Segment Start: PROVIDED DATA

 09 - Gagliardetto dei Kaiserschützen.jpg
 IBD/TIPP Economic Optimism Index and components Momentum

Segment End: PROVIDED DATA
Segment Start: PROVIDED DATA

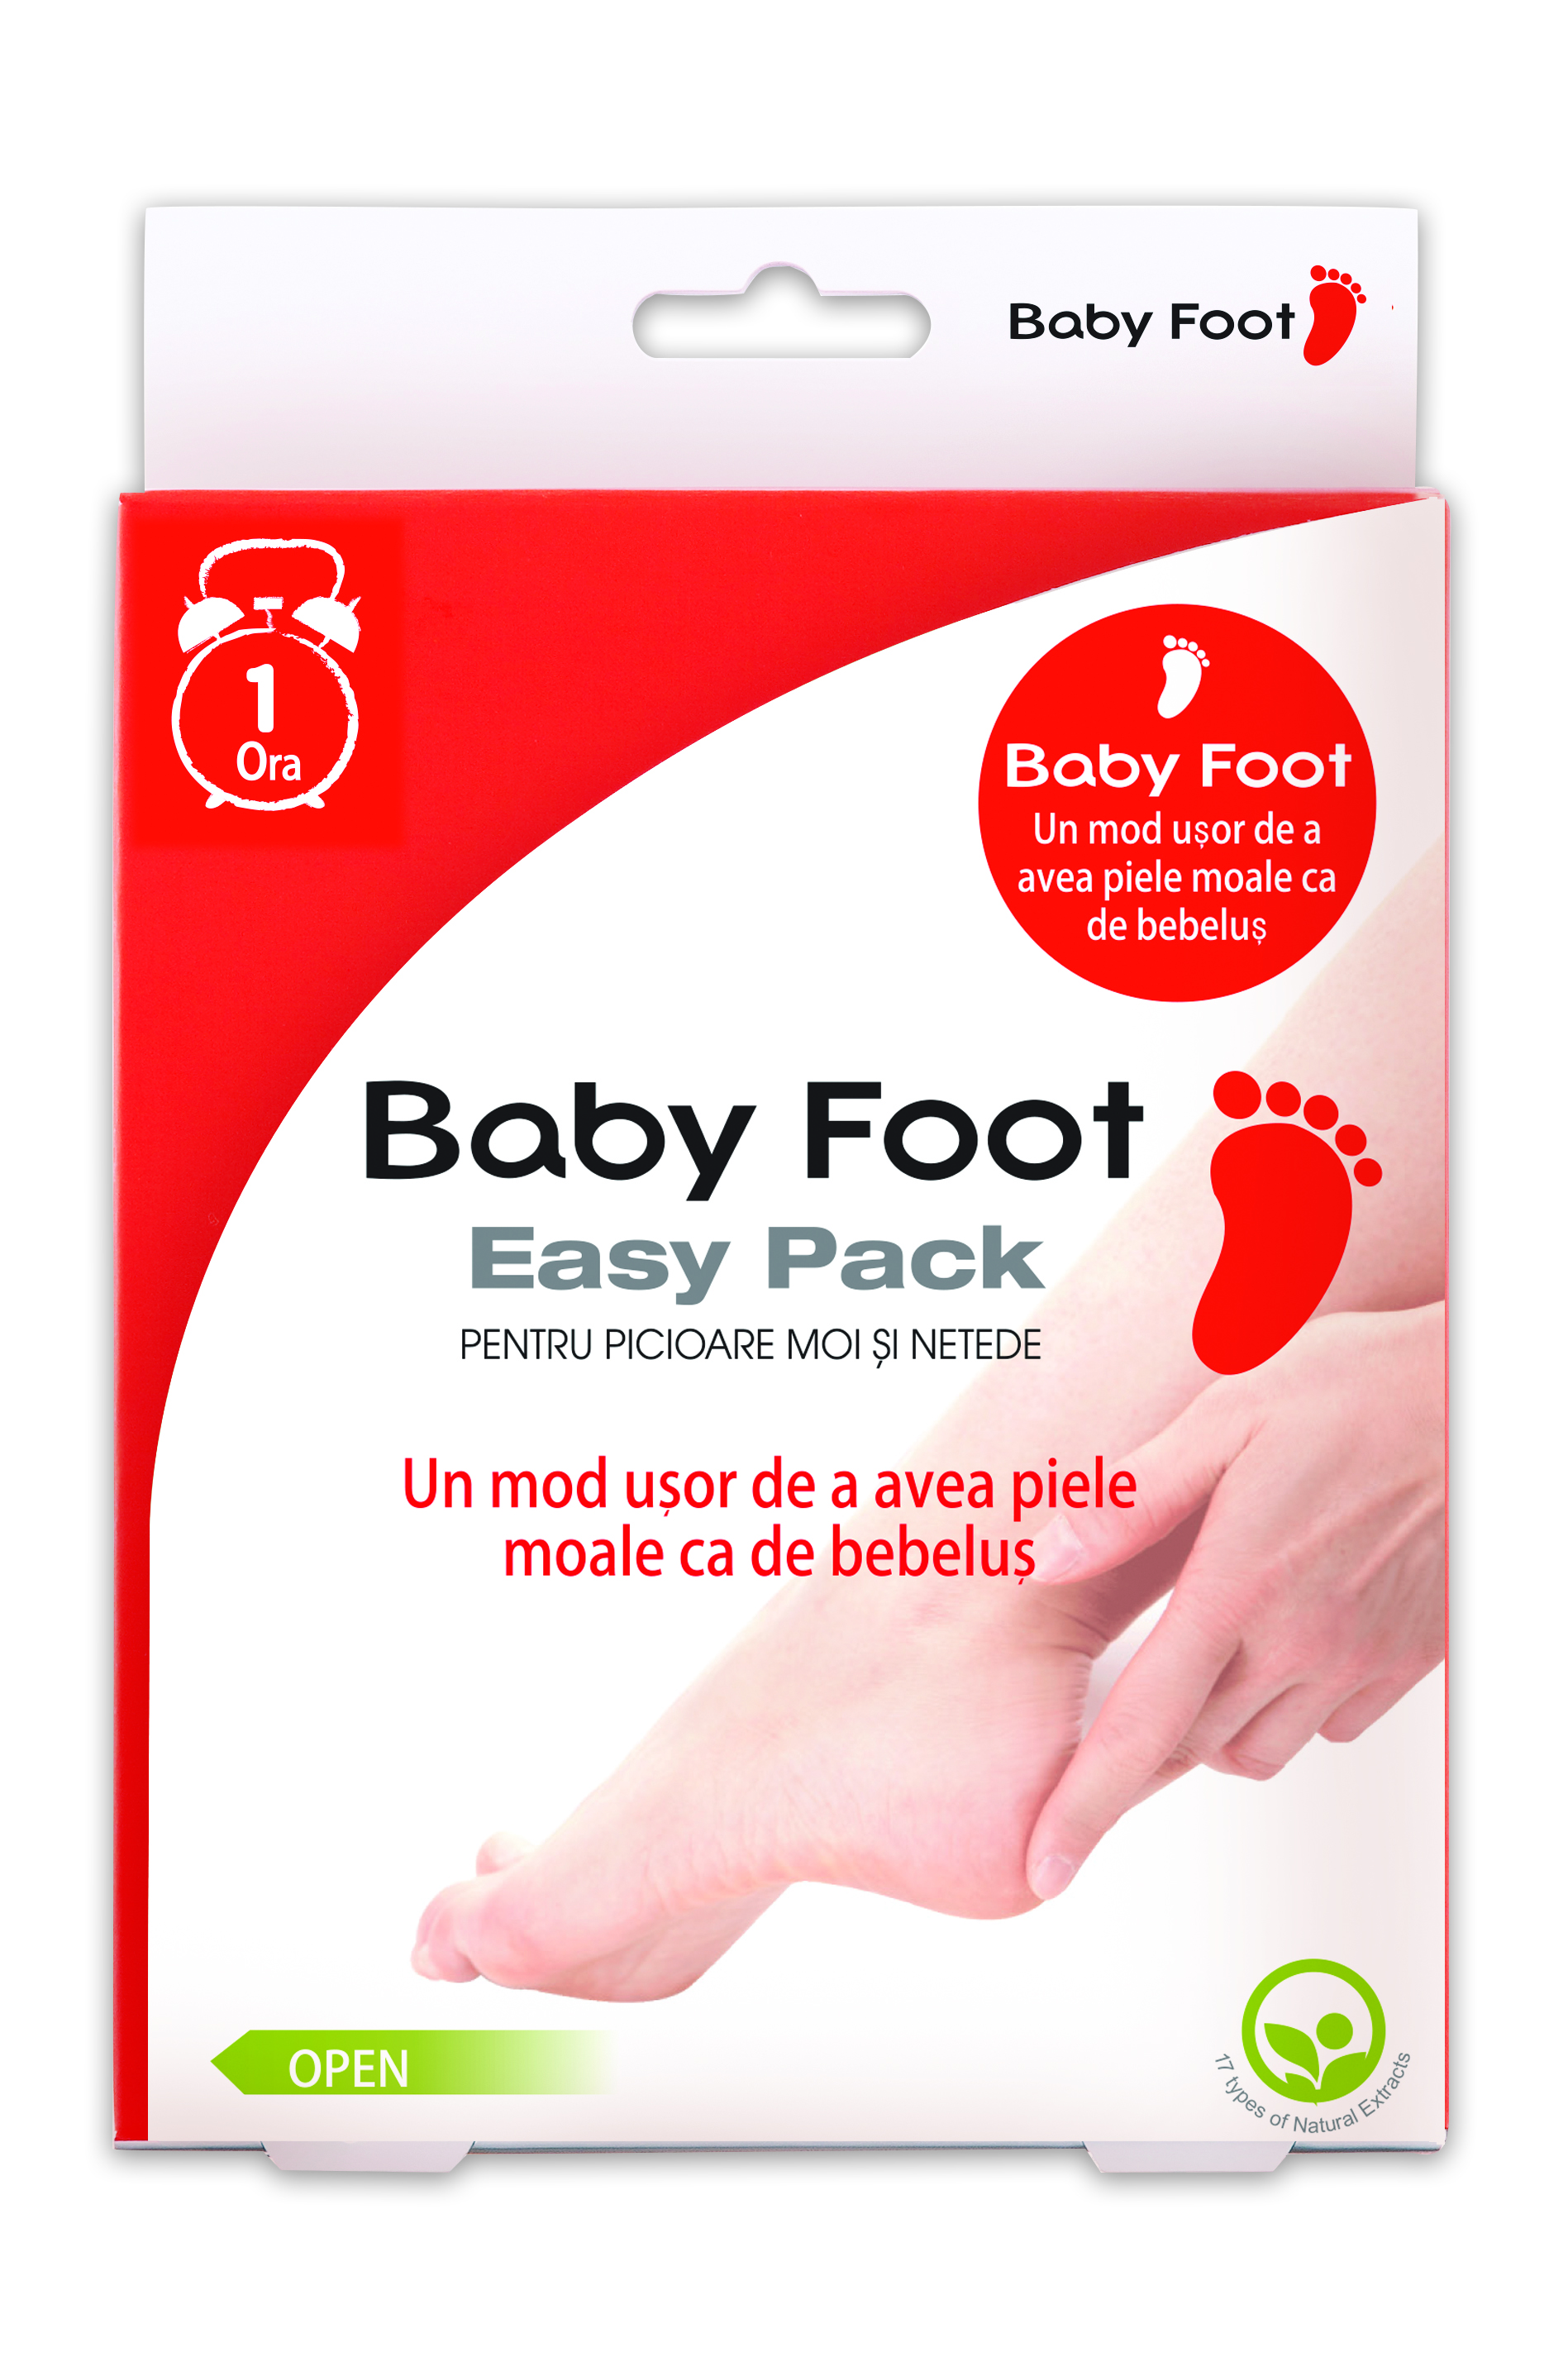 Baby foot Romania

Segment End: PROVIDED DATA

WHAT YOU SHOULD DO:
Give the exact lines, and only those, from the line containing "09 - Gagliardetto dei Kaiserschützen.jpg" through the line containing "IBD/TIPP Economic Optimism" in the entries above.

EXPECTED OUTPUT:
 09 - Gagliardetto dei Kaiserschützen.jpg
 IBD/TIPP Economic Optimism Index and components Momentum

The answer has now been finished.